======== SOURCE MATERIAL ========
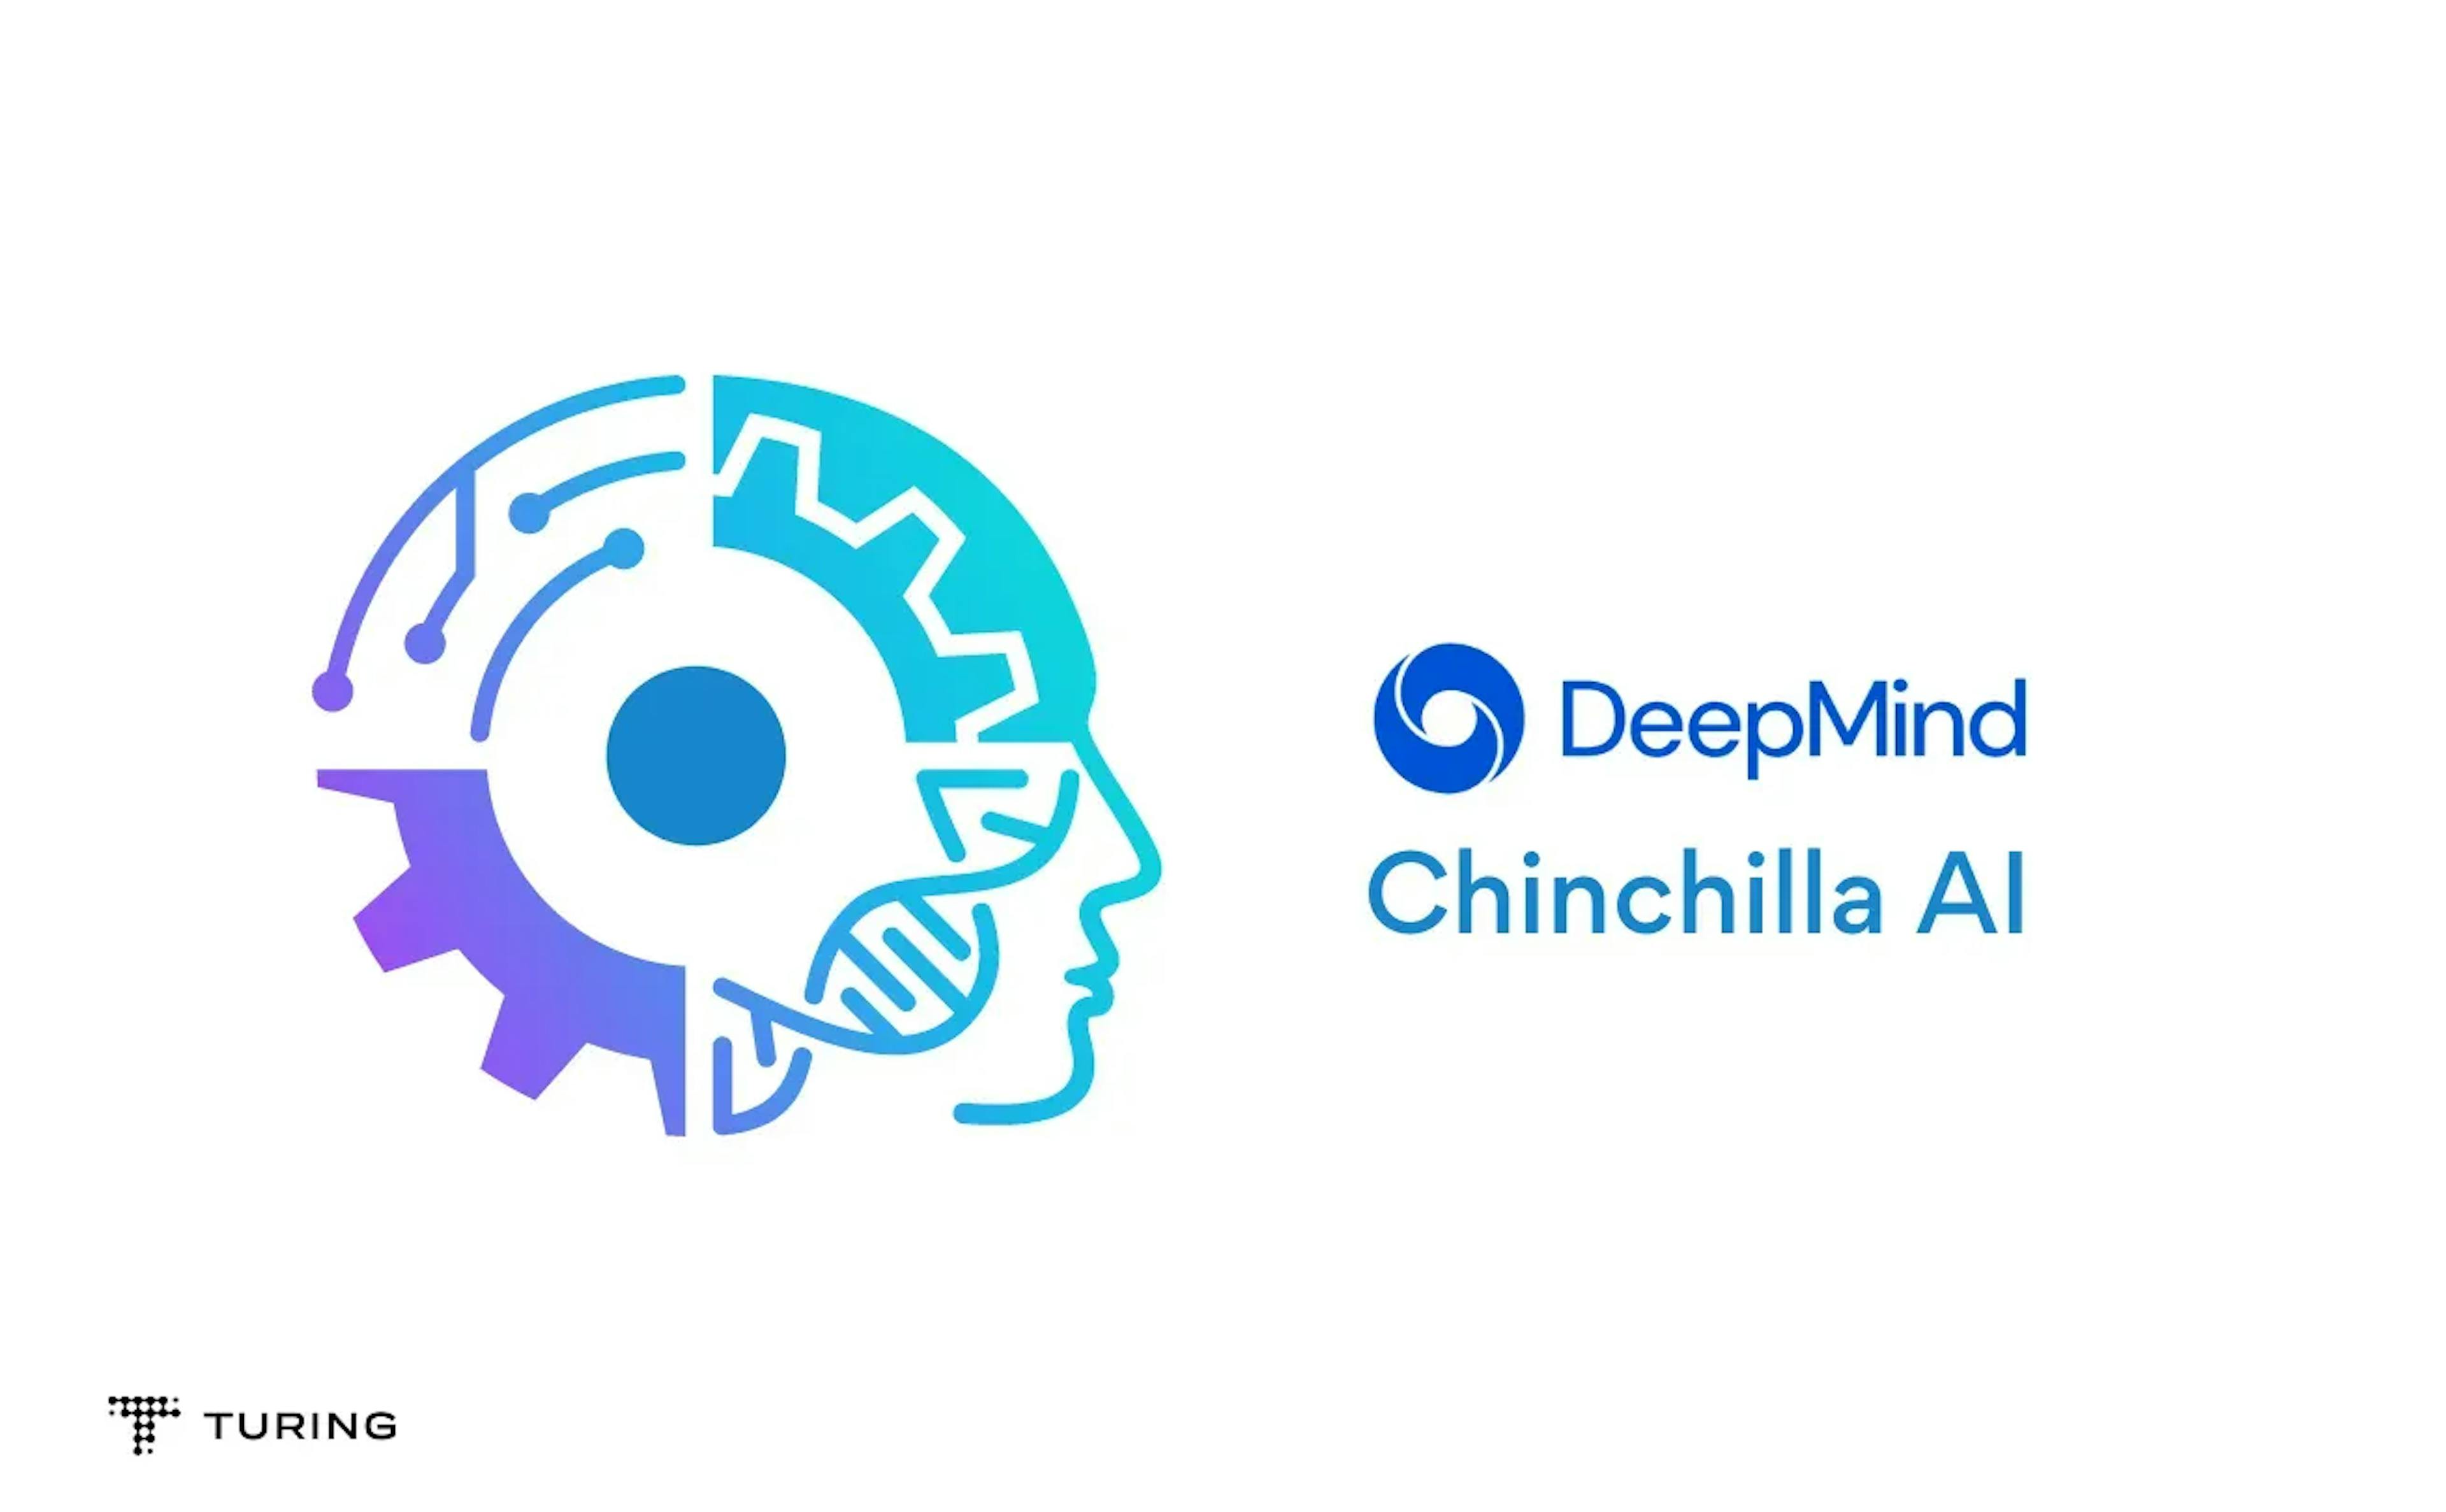 DeepMind's Chinchilla AI
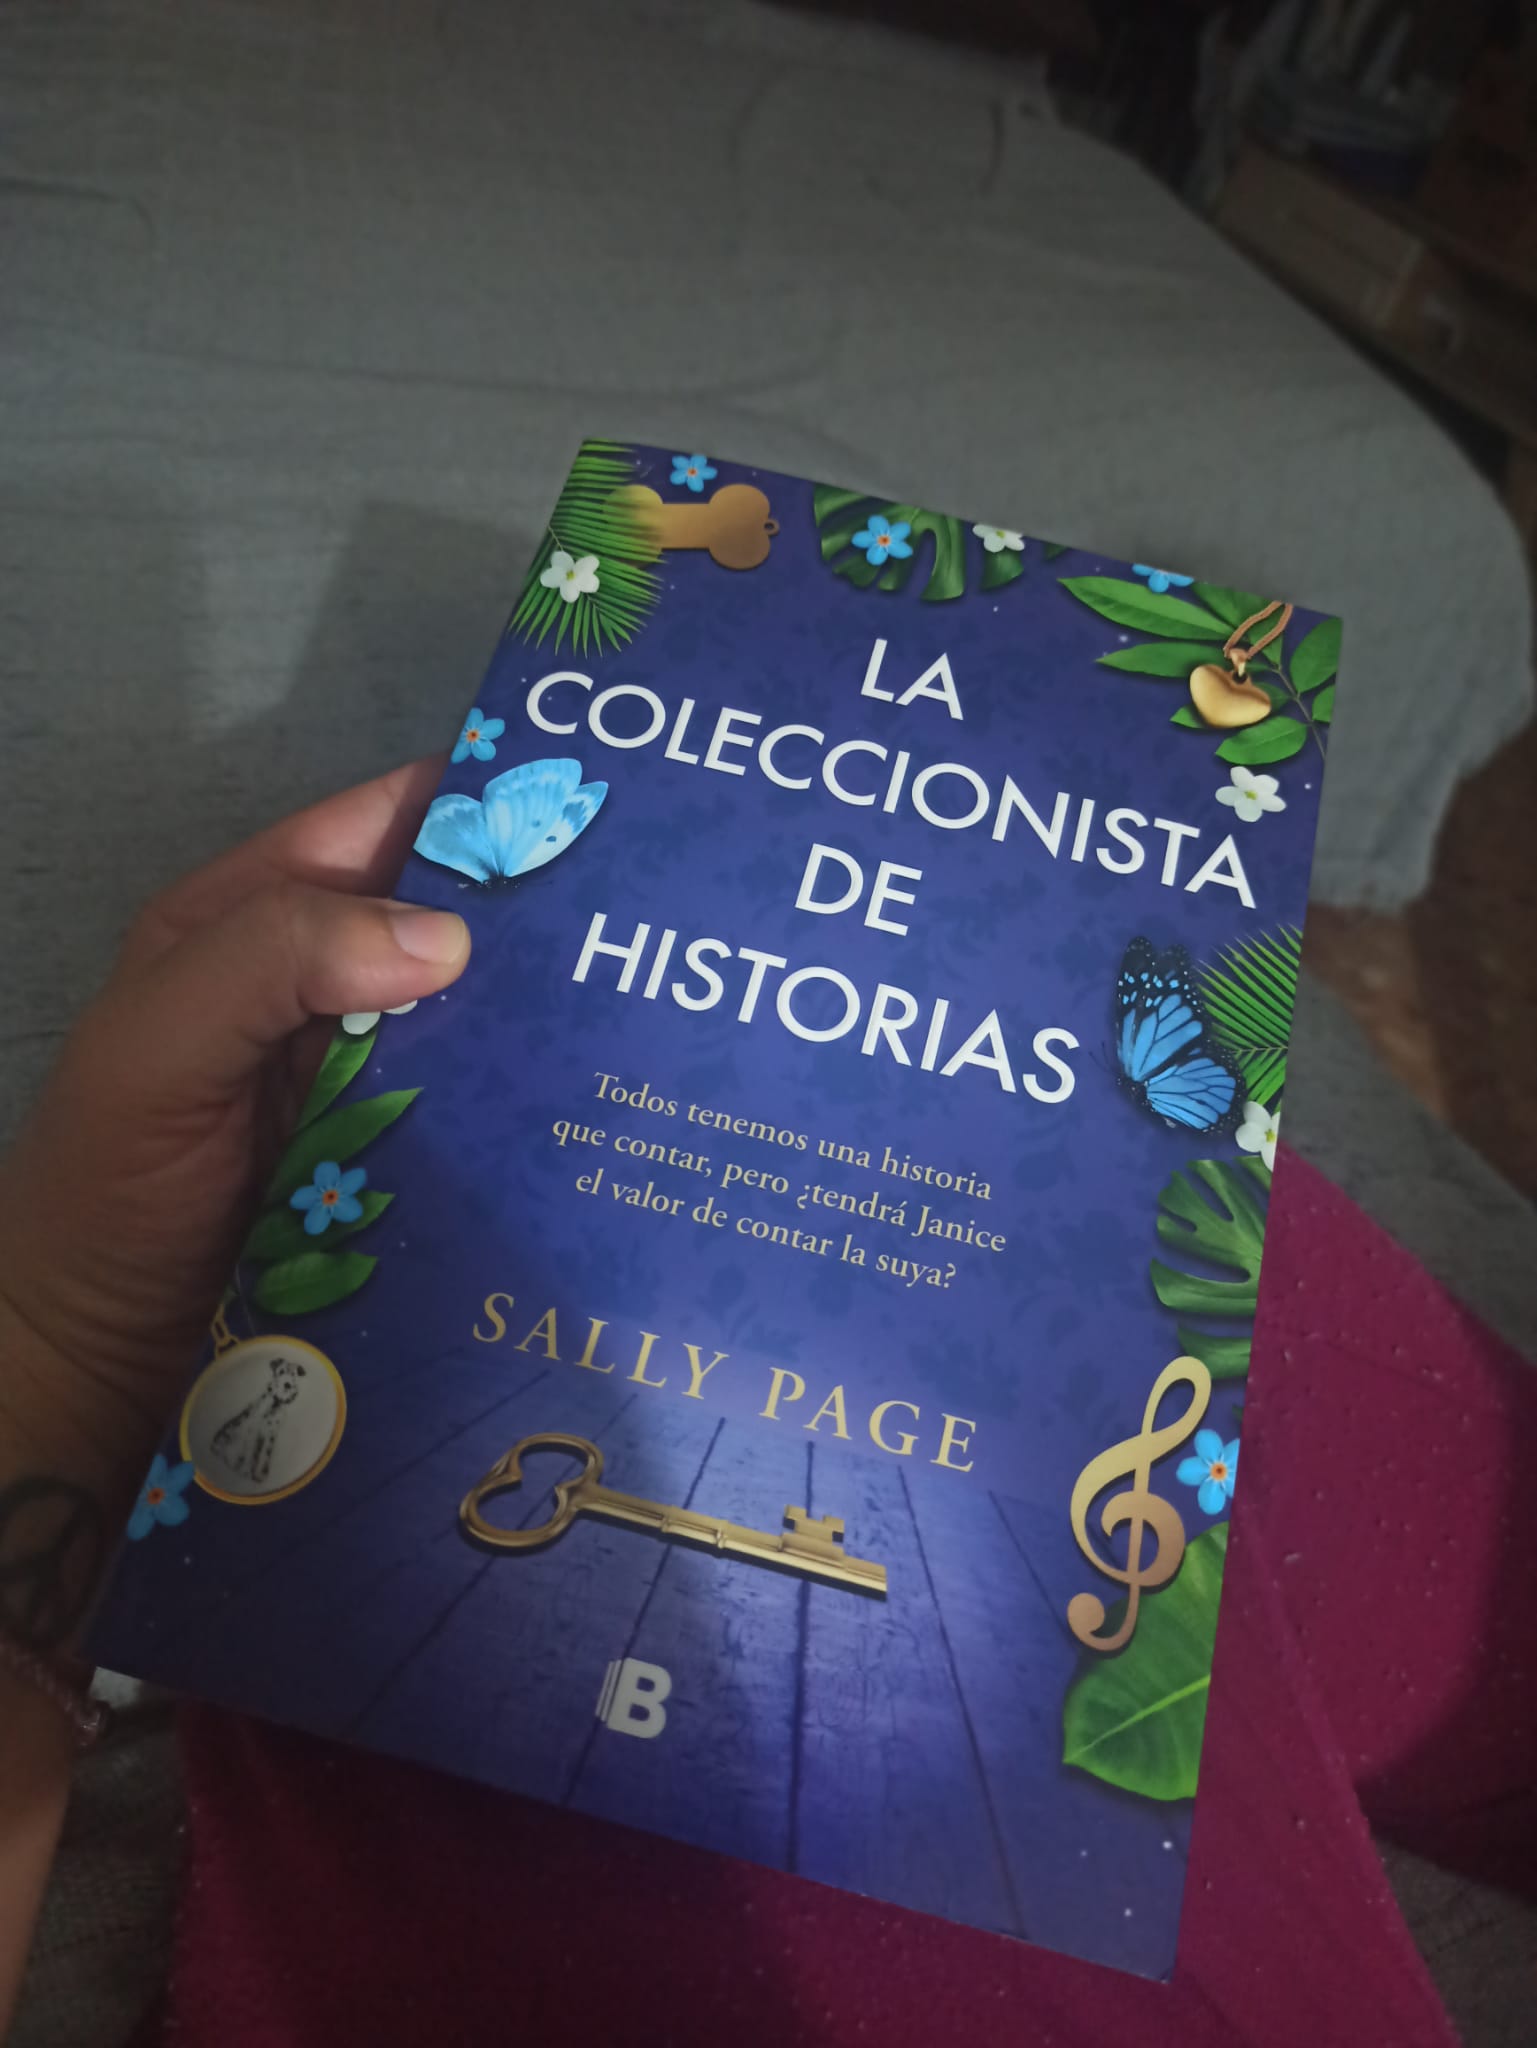 LA COLECCIONISTA DE HISTORIAS, de Sally Page.
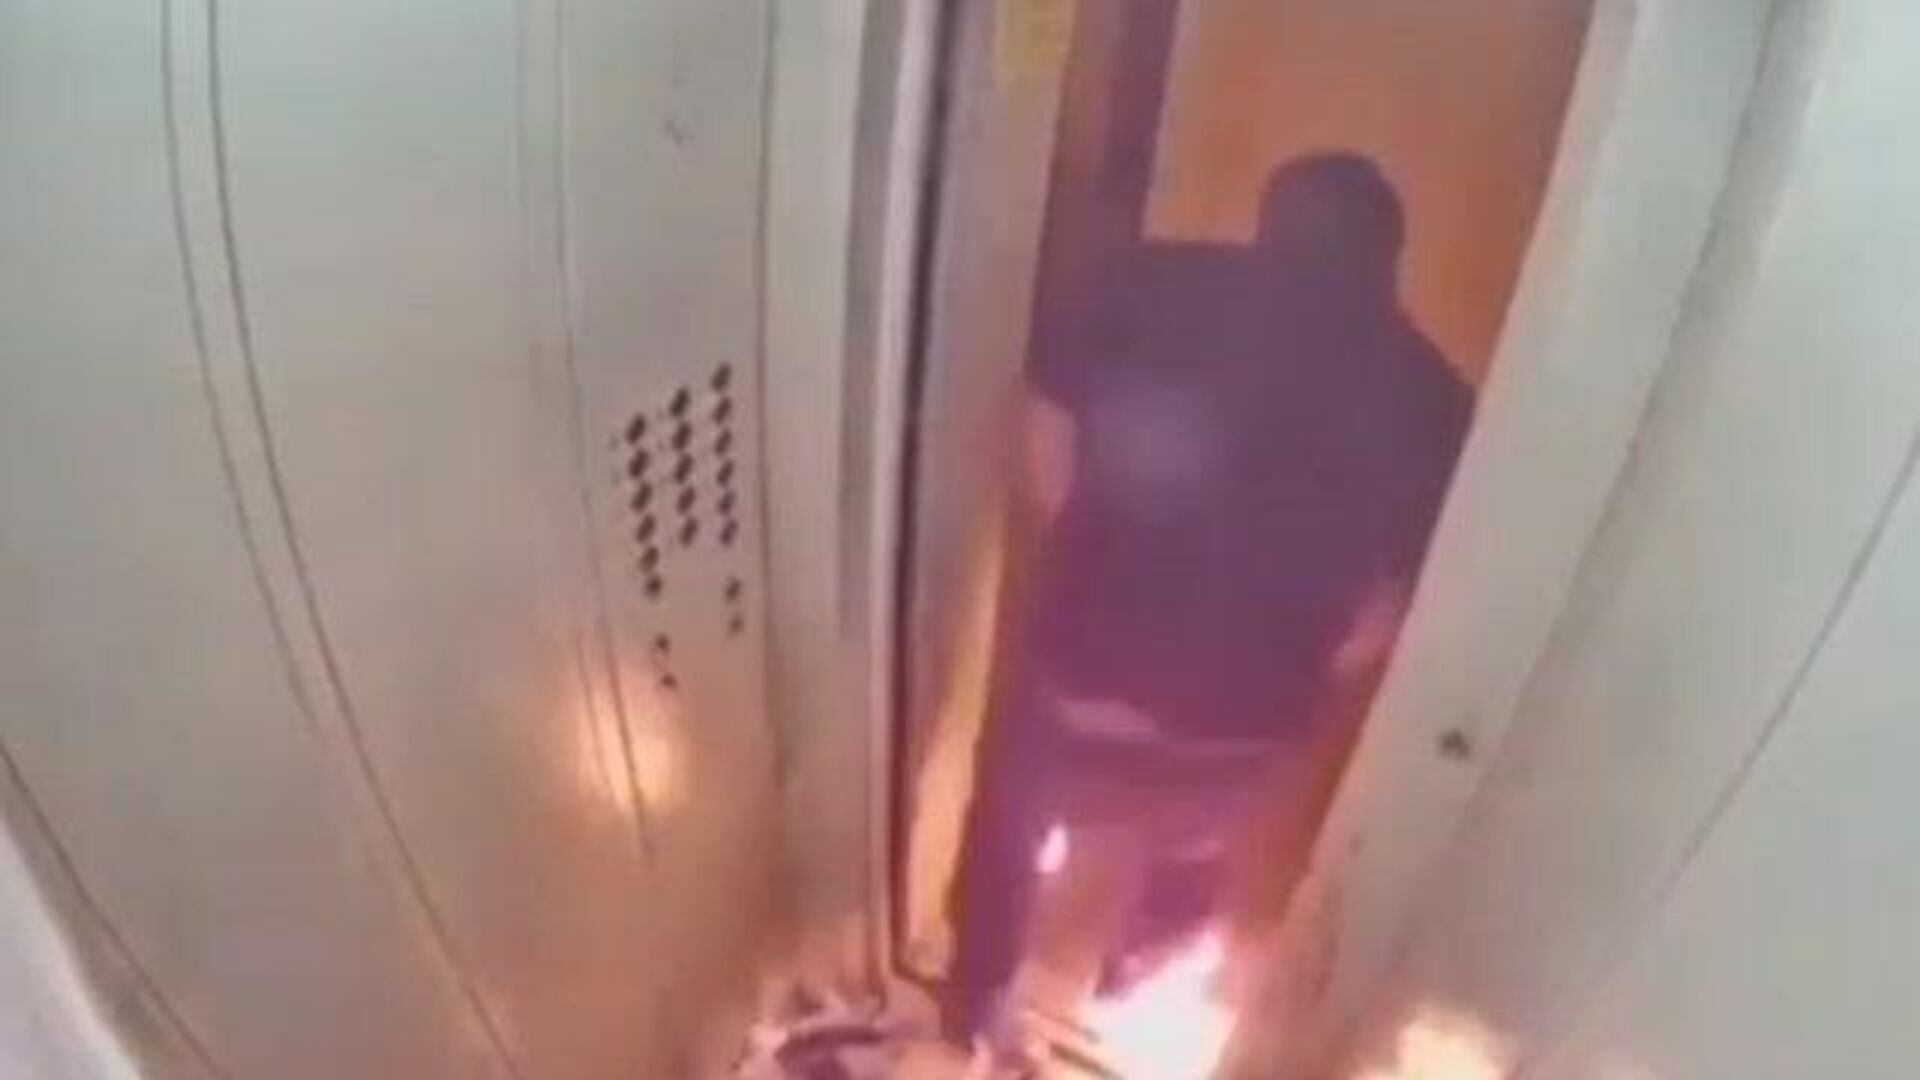 “Перекур в лифте“: житель Оренбурга чуть не сгорел при поджоге воспламеняющейся жидкости - РИА Новости, 1920, 27.11.2020
========
### EXERCISE OBJECTIVE
Beginning with the line in which "LA COLECCIONISTA DE" appears, repeat exactly each line down to the close of the material, leaving every picture out.

### ANSWER SECTION
 LA COLECCIONISTA DE HISTORIAS, de Sally Page.
 “Перекур в лифте“: житель Оренбурга чуть не сгорел при поджоге воспламеняющейся жидкости - РИА Новости, 1920, 27.11.2020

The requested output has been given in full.